“I can’t tell who I’m running against sometimes,” said Barack Obama last week. It was a reference to the aggressive campaigning before the Jan. 26 South Carolina Democratic primary by both Hillary and Bill Clinton.

Last week’s election coverage suggests he had a point. Although the landslide winner in South Carolina was the leading newsmaker of the week, he was certainly outdone in the race for media exposure by the Clinton tag team.

Obama edged Hillary Clinton by the narrowest of margins. But her surrogate and husband—whose aggressive attacks on Obama and increasingly conspicuous role have been manna for political pundits—was the third-most prominent newsmaker in the race for President last week, January 21 through 27. That period began two days after the Nevada caucuses and ended the day after the Democrats’ South Carolina primary.

The man who would be First Spouse made more news last week than any Republican, or than the other Democratic contender, John Edwards.

Among GOP rivals, Mitt Romney, a co-leader in many Florida polls, dropped precipitously in the race for exposure. So did Mike Huckabee, whose candidacy the media now appear to discount.

And Rudolph Giuliani was back, his coverage more than tripling from the week before, despite plunging in the polls—a sign that media coverage and poll numbers do not necessarily track.

Some candidates apparently are a good story whether they are rising or falling.

These are some of the findings from Project for Excellence in Journalism’s third edition of the Campaign Coverage Index, a measure of which candidate is winning in the all-important race for media exposure. The project will run the Index until nominees are selected in each party.

Obama, who ended the week of Jan. 21-27 with a surprisingly big win in South Carolina, was a significant or dominant newsmaker in 41% of the week’s campaign coverage. That marks his highest coverage level in the three weeks since the Project began its CCI and the first time he has edged Clinton.

It is not true, as some might have imagined, that Bill got even more coverage than his wife. But when Hillary Clinton’s 40% and Bill Clinton’s 18% coverage totals were added together, they were dominant or significant subjects in well over half the week’s campaign stories. John Edwards’ coverage increased, but at only 11%, he generated about one-fourth as much attention as the two frontrunners.

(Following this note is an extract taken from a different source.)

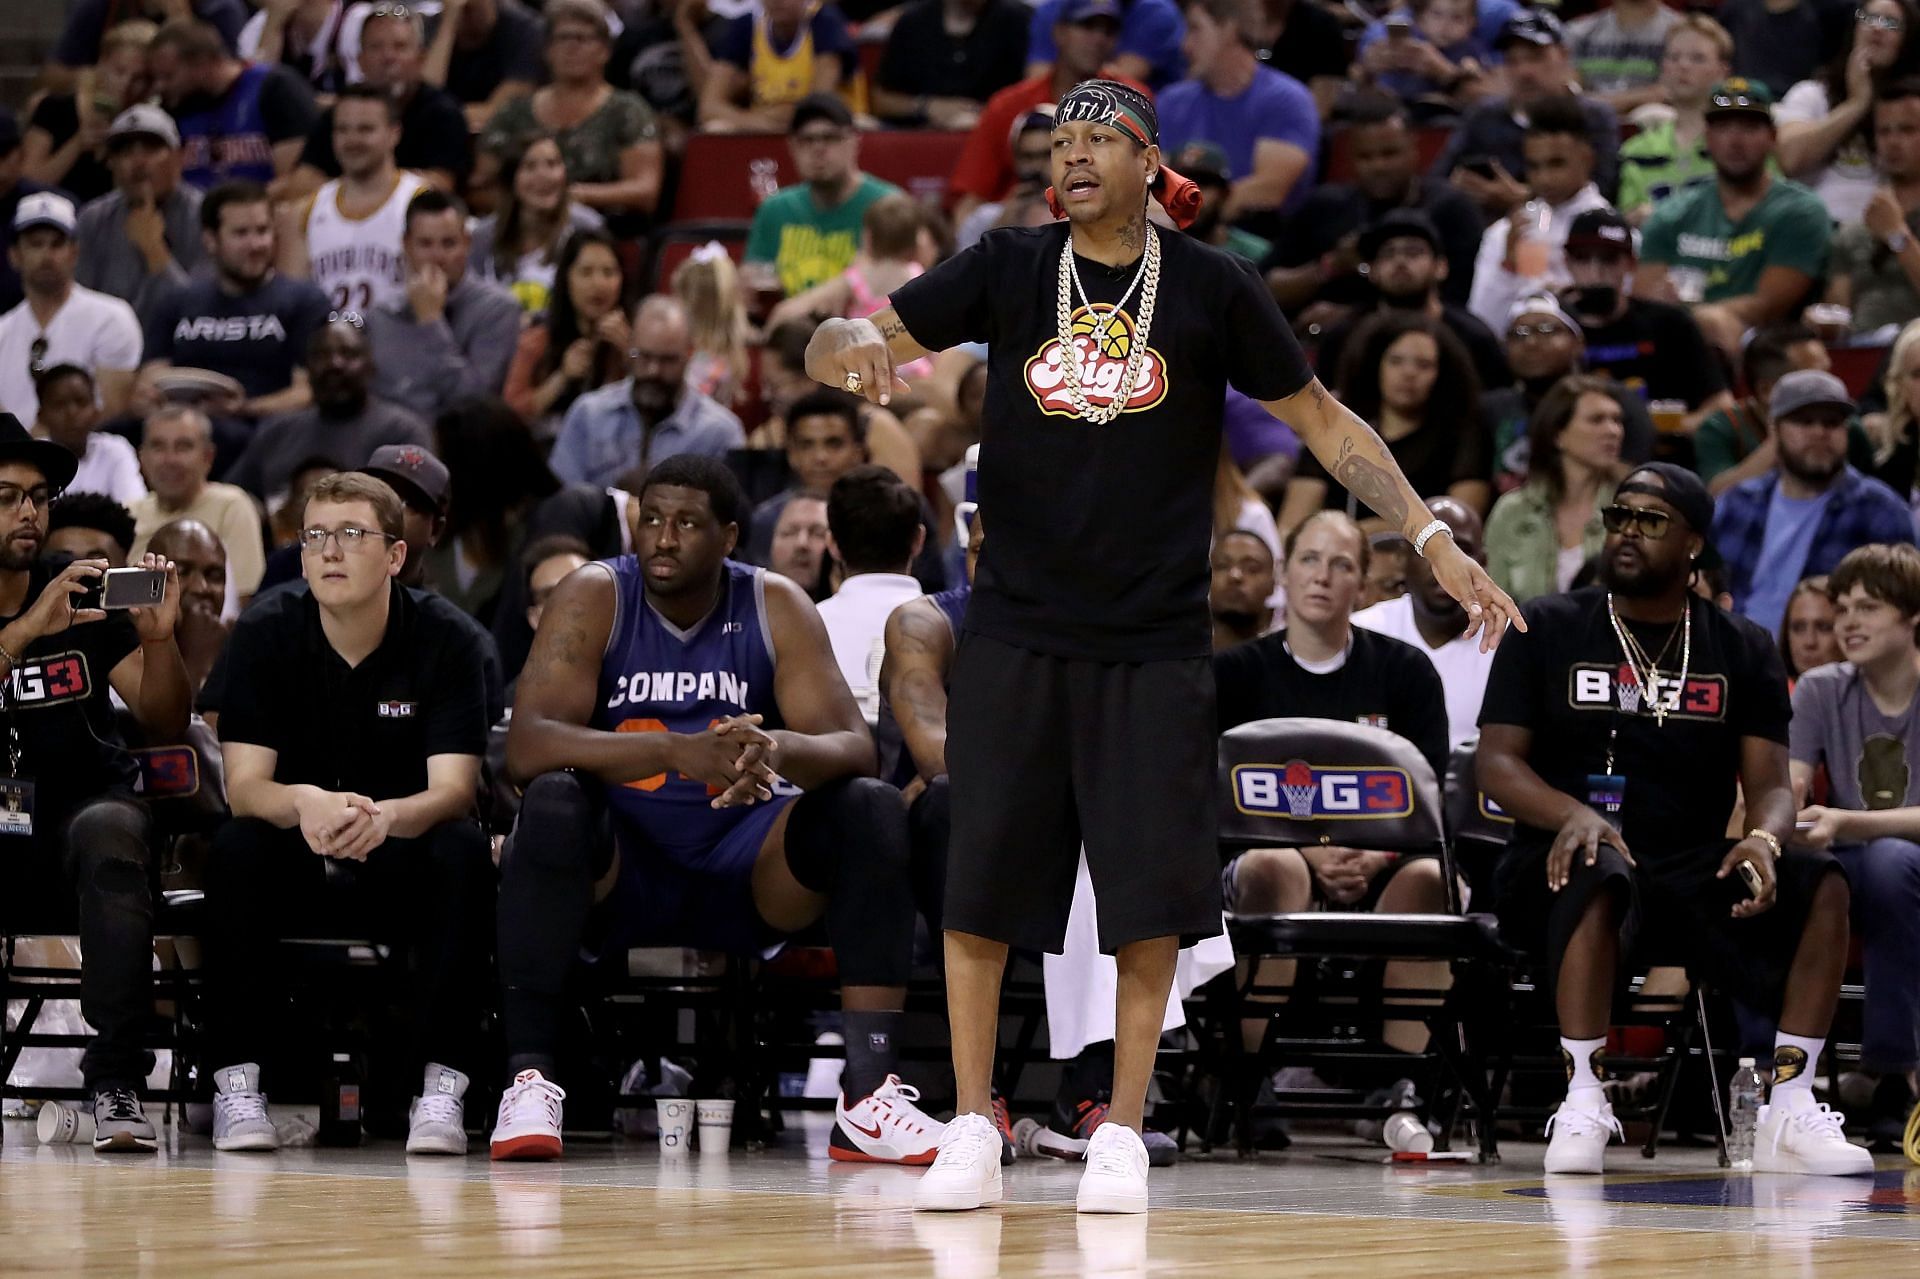 Allen &quot;The Answer&quot; Iverson of the 3&#039;s Company reacts during the game against the Tri-State from the bench in week nine of the BIG3 three-on-three basketball league at KeyArena on August 20, 2017 in Seattle, Washington.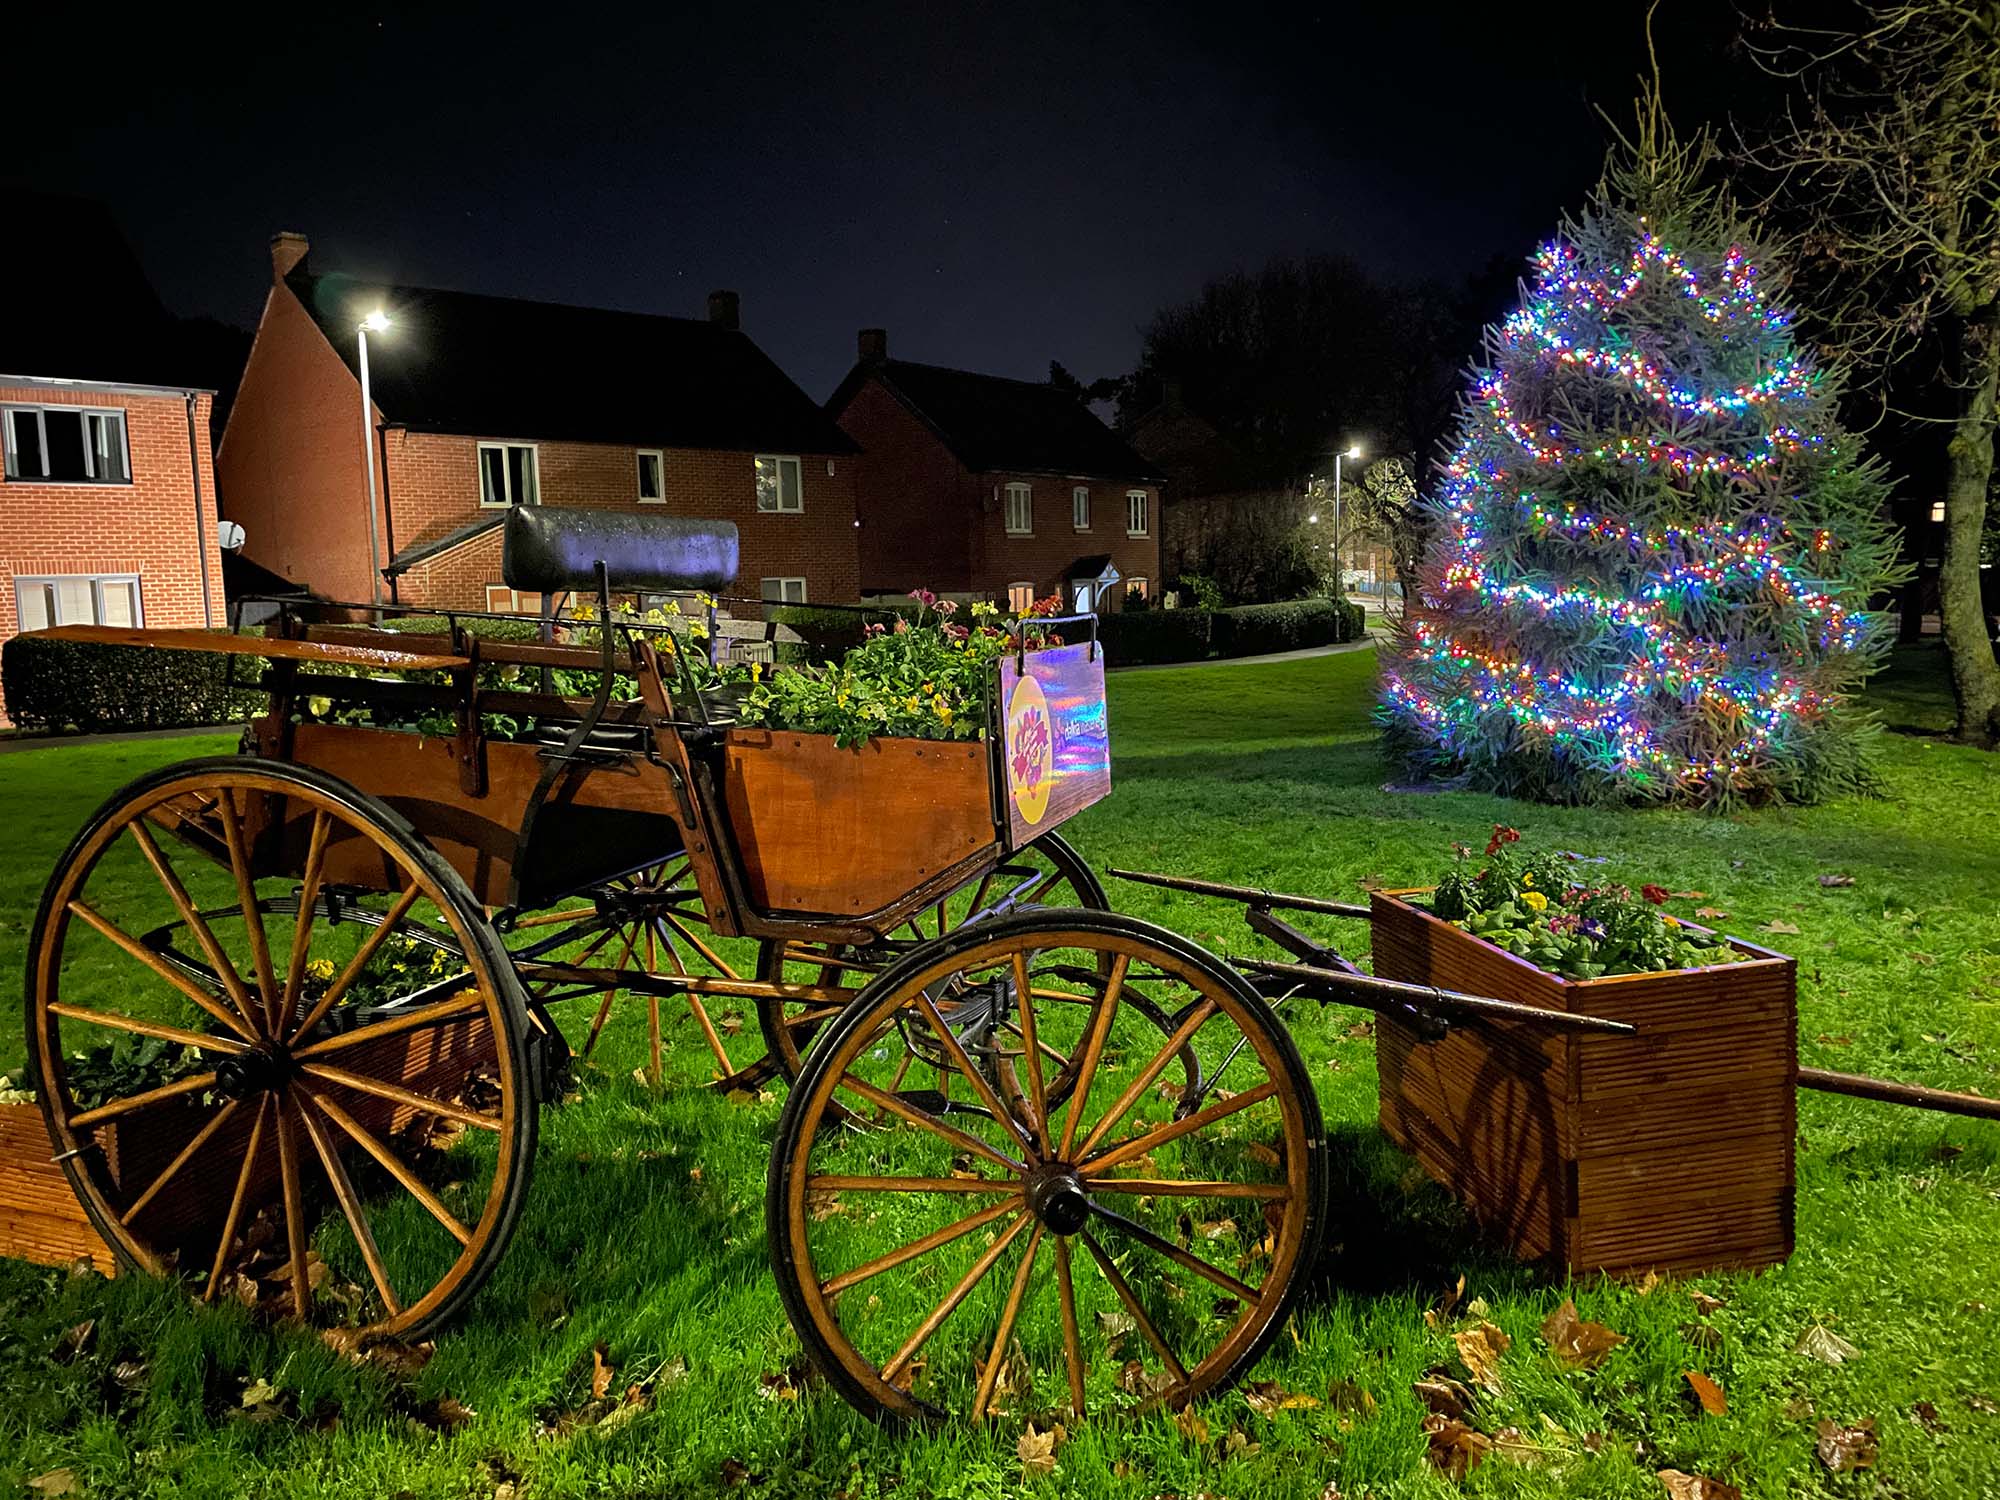 An image depicting a refurbished pony cart, now used as a flower planter, with a Christmas tree in the background draped in lights

The leading Republican was John McCain, who was a significant or dominant newsmaker in 17%, down from 23% the previous week. Mitt Romney, although considered a co-frontrunner with McCain in the Florida fight, plummeted to 12% from 25% the week before. Mike Huckabee slid to 6% from 14%, with the media apparently concluding that his second-place South Carolina finish on Jan. 19 had crippled his chances.

Sitting out the first few contests, Giuliani showed up as a significant or dominant figure in only 4% of the stories in each of the two previous weeks. But last week, he was at 14% as the media focus shifted to Florida. Unfortunately for him, much of that coverage was about how his poll numbers had fallen.

The Campaign Coverage index, which will appear weekly until nominees are selected in each party, is an addition to PEJ’s NCI report, which tracks what stories the media covered in the previous week. The CCI offers a greater level of detail of the campaign coverage. That includes the percentage of stories in which a candidate played a significant role (as a subject of between 25% and 50% of the story) or a main newsmaker role (making up at least 50% of the story). The Index also identifies the key narratives in the reporting and the “Line of the Week,” a statement from a journalist or source that in our researchers’ estimation seems either to capture the story or is particularly colorful. PEJ’s News Coverage Index will not disappear. It will come at the bottom of the CCI.

Once again the campaign overshadowed every other news event last week. The presidential campaign filled 39% of the newshole as measured by PEJ’s News Coverage Index from Jan. 21-27, exactly the same percentage it had filled the week before. As was the case the previous week, the two sectors that devoted the most coverage to the campaign were cable news (61%) and radio (45%)—two platforms that also feature highly opinionated talk hosts.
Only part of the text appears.